15

I've been looking at at some of the java primitive collections (trove, fastutil, hppc) and I've noticed a pattern that class variables are sometimes declared as final local variables. For example:

public void forEach(IntIntProcedure p) {
    final boolean[] used = this.used;
    final int[] key = this.key;
    final int[] value = this.value;
    for (int i = 0; i < used.length; i++) {
        if (used[i]) {
          p.apply(key[i],value[i]);
        }
    }
}

I've done some benchmarking, and it appears that it is slightly faster when doing this, but why is this the case?
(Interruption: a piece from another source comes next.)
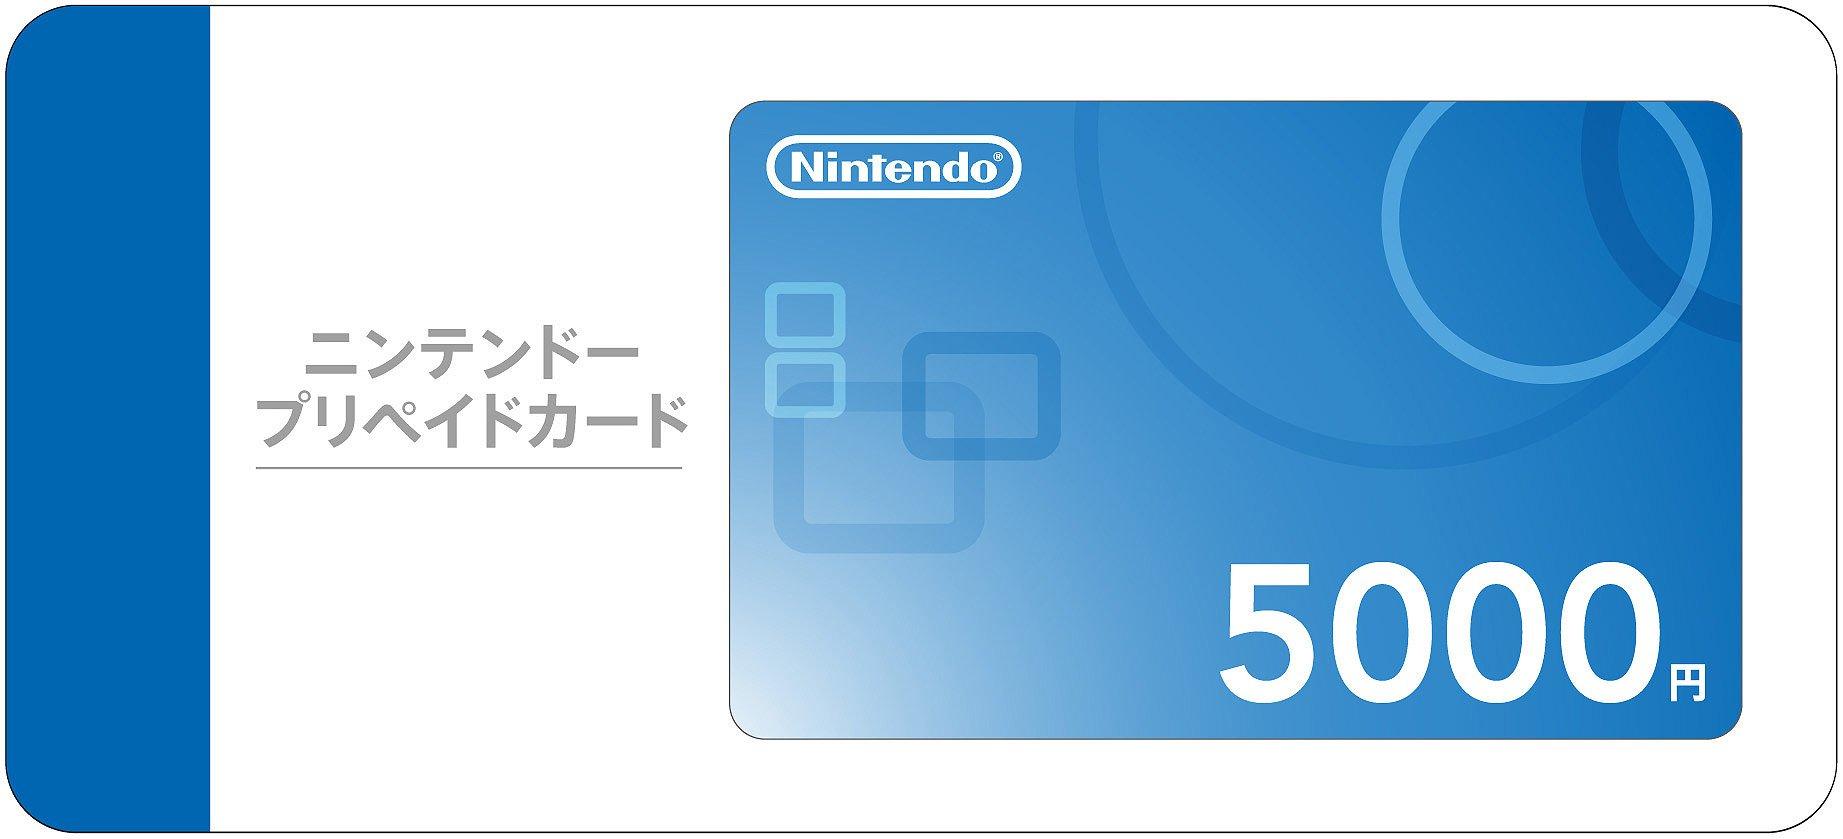 The Nintendo prepaid card of 5000 yen
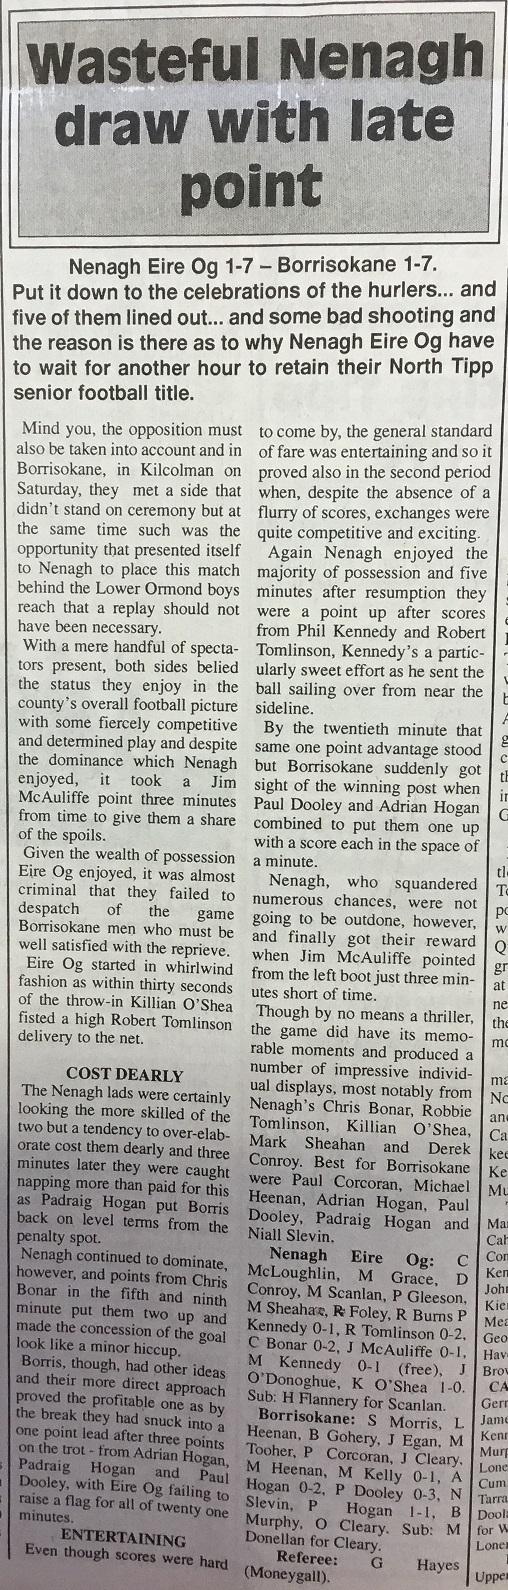 1995 North football final

I'm trying to understand what Java would do differently if the first three lines of the function were commented out.

Note: This seems similiar to this question, but that was for c++ and doesn't address why they are declared final.

Community
  • 1
  • 1
job
  • 9,003
  • 7
  • 41
  • 50

5 Answers5

29

Accessing local variable or parameter is a single step operation: take a variable located at offset N on the stack. If you function has 2 arguments (simplified):

  • N = 0 - this
  • N = 1 - first argument
  • N = 2 - second argument
  • N = 3 - first local variable
  • N = 4 - second local variable
  • ...

So when you access local variable, you have one memory access at fixed offset (N is known at compilation time). This is the bytecode for accessing first method argument (int):

iload 1  //N = 1

However when you access field, you are actually performing an extra step. First you are reading "local variable" this just to determine the current object address. Then you are loading a field (getfield) which has a fixed offset from this. So you perform two memory operations instead of one (or one extra). Bytecode:

aload 0  //N = 0: this reference
getfield total I  //int total

So technically accessing local variables and parameters is faster than object fields. In practice, many other factors may affect performance (including various levels of CPU cache and JVM optimizations).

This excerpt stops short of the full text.